US-12620199-B2 - Advanced image hashing for illegal image detection
Abstract
One example method includes receiving a digital image, receiving an input list that includes a respective hash for each frame in a group of frames, creating new frames on a particular area of the digital image, and the new frames are created and located based on the information in the input list, obtaining a respective hash for content included within each of the new frames, comparing one of the hashes generated for one of the new frames with a hash from the input list and, when the hashes match, continue the comparing for all frames of the particular area, and when all hashes from the input list have been checked, determining whether or not the digital image is an illegal image.
Inventors
- Ohad Arnon
- Adriana Bechara Prado
Assignees
- DELL PRODUCTS L.P.
Dates
- Publication Date
- 20260505
- Application Date
- 20231218
Claims (20)
- 1 . A method, comprising: receiving a digital image; receiving an input list that includes a respective hash for each frame in a group of frames; creating new frames on a particular area of the digital image, and the new frames are created and located based on information in the input list; obtaining a respective hash for content included within each of the new frames; comparing one of the hashes generated for one of the new frames with a hash from the input list and, when the hashes match, continue the comparing for all frames of the particular area; and when all hashes from the input list have been checked, determining whether or not the digital image is an illegal image.
- 2 . The method as recited in claim 1 , wherein the input list includes a reference for each of the frames that indicates where, in a coordinate system, the frame is located.
- 3 . The method as recited in claim 1 , wherein the hashes in the input list are each a hash of respective content located within the frames.
- 4 . The method as recited in claim 1 , wherein the creating, the obtaining, and the comparing are performed without accessing any actual content of the digital image.
- 5 . The method as recited in claim 1 , wherein the digital image is deemed to be an illegal image when a ratio of matches meets or exceeds a defined threshold.
- 6 . The method as recited in claim 5 , wherein the ratio is a ratio of hash matches to a total number of the new frames.
- 7 . The method as recited in claim 1 , wherein when the hash generated for the one new frame does not match the hash from the input list, comparing, with a different hash from the input list, another hash generated for another new frame in a different area of the digital image.
- 8 . The method as recited in claim 1 , wherein one of the new frames overlaps with another of the new frames, and a further new frame does not overlap with any of the new frames.
- 9 . The method as recited in claim 1 , wherein the particular area of the digital image is an area suspected as possibly embracing illegal content.

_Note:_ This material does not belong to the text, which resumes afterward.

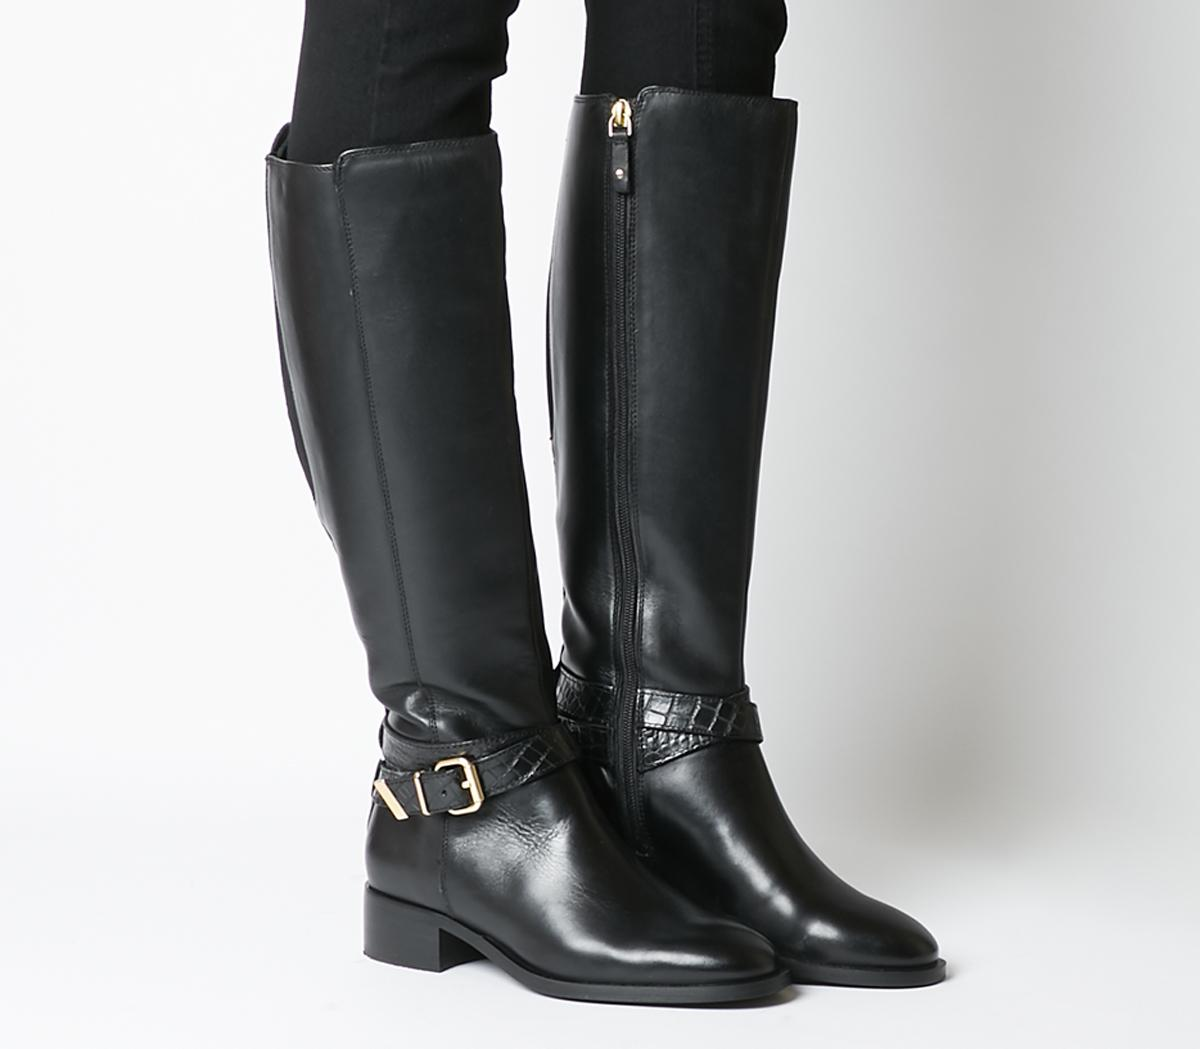 Karter Rider Knee Boots Black Leather

- 10 . The method as recited in claim 1 , wherein the creating, the obtaining, the comparing, and the determining, are performed so as to maintain privacy of content of the digital image.
- 11 . A non-transitory storage medium having stored therein instructions that are executable by one or more hardware processors to perform operations comprising: receiving a digital image; receiving an input list that includes a respective hash for each frame in a group of frames; creating new frames on a particular area of the digital image, and the new frames are created and located based on information in the input list; obtaining a respective hash for content included within each of the new frames; comparing one of the hashes generated for one of the new frames with a hash from the input list and, when the hashes match, continue the comparing for all frames of the particular area; and when all hashes from the input list have been checked, determining whether or not the digital image is an illegal image.
- 12 . The non-transitory storage medium as recited in claim 11 , wherein the input list includes a reference for each of the frames that indicates where, in a coordinate system, the frame is located.
- 13 . The non-transitory storage medium as recited in claim 11 , wherein the hashes in the input list are each a hash of respective content located within the frames.
- 14 . The non-transitory storage medium as recited in claim 11 , wherein the creating, the obtaining, and the comparing are performed without accessing any actual content of the digital image.
- 15 . The non-transitory storage medium as recited in claim 11 , wherein the digital image is deemed to be an illegal image when a ratio of matches meets or exceeds a defined threshold.
- 16 . The non-transitory storage medium as recited in claim 15 , wherein the ratio is a ratio of hash matches to a total number of the new frames.
- 17 . The non-transitory storage medium as recited in claim 11 , wherein when the hash generated for the one new frame does not match the hash from the input list, comparing, with a different hash from the input list, another hash generated for another new frame in a different area of the digital image.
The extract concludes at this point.